Laerdal HeartCode® ACLS Simulator


HeartCode® ACLS (Laerdal Corporation, Stavanger, Norway) has many similarities to the Anesoft ACLS Simulator. It is also a web-based program that enables students to diagnose and treat a number of Advanced Cardiac Life Support scenarios [25]. The package has a total of ten cases with one BLS case, two megacode scenarios, and seven other ­emergencies. The program includes on-line help (coaching) and automated debriefing. Unlike with the Anesoft ACLS Simulator, the electrocardiogram in HeartCode® ACLS is a static image rather than a dynamic, sweeping waveform.

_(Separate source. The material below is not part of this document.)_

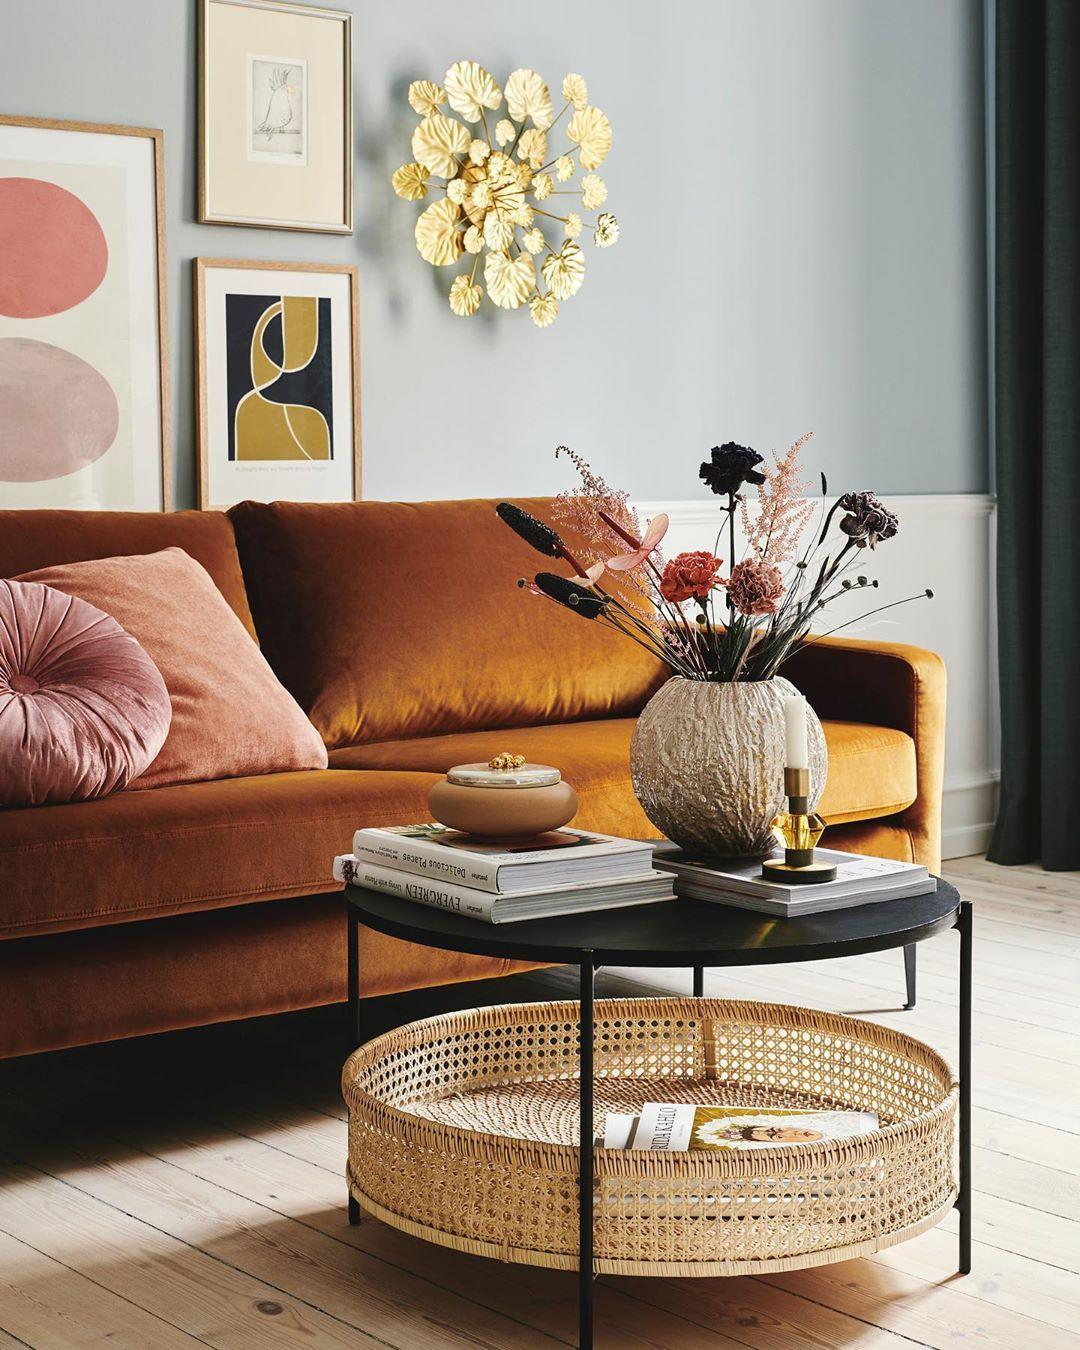 Danish Interior Design (@eden

Anesoft Pediatric Advanced Life Support (PALS) Simulator


The Anesoft PALS Simulator was created in the mold of its adult (ACLS) counterpart in 2006 [26]. The original version was configured to operate on any Windows-compatible computer and was designed to provide robust training in the key cognitive aspects of conducting an advanced pediatric resuscitation in accordance with published guidelines [27]. As in the ACLS Simulator, the graphical user interface displays dynamic images of the patient, the resuscitators, and a cardiac rhythm monitor, and the operator directs the resuscitators to perform various interventions using a series of buttons and a mouse-controlled menu (Fig. 14.4a). The PALS Simulator also contains an automated debriefing system and on-demand help system, and the simulator’s drug information library provides dosing guidelines appropriate for pediatric patients.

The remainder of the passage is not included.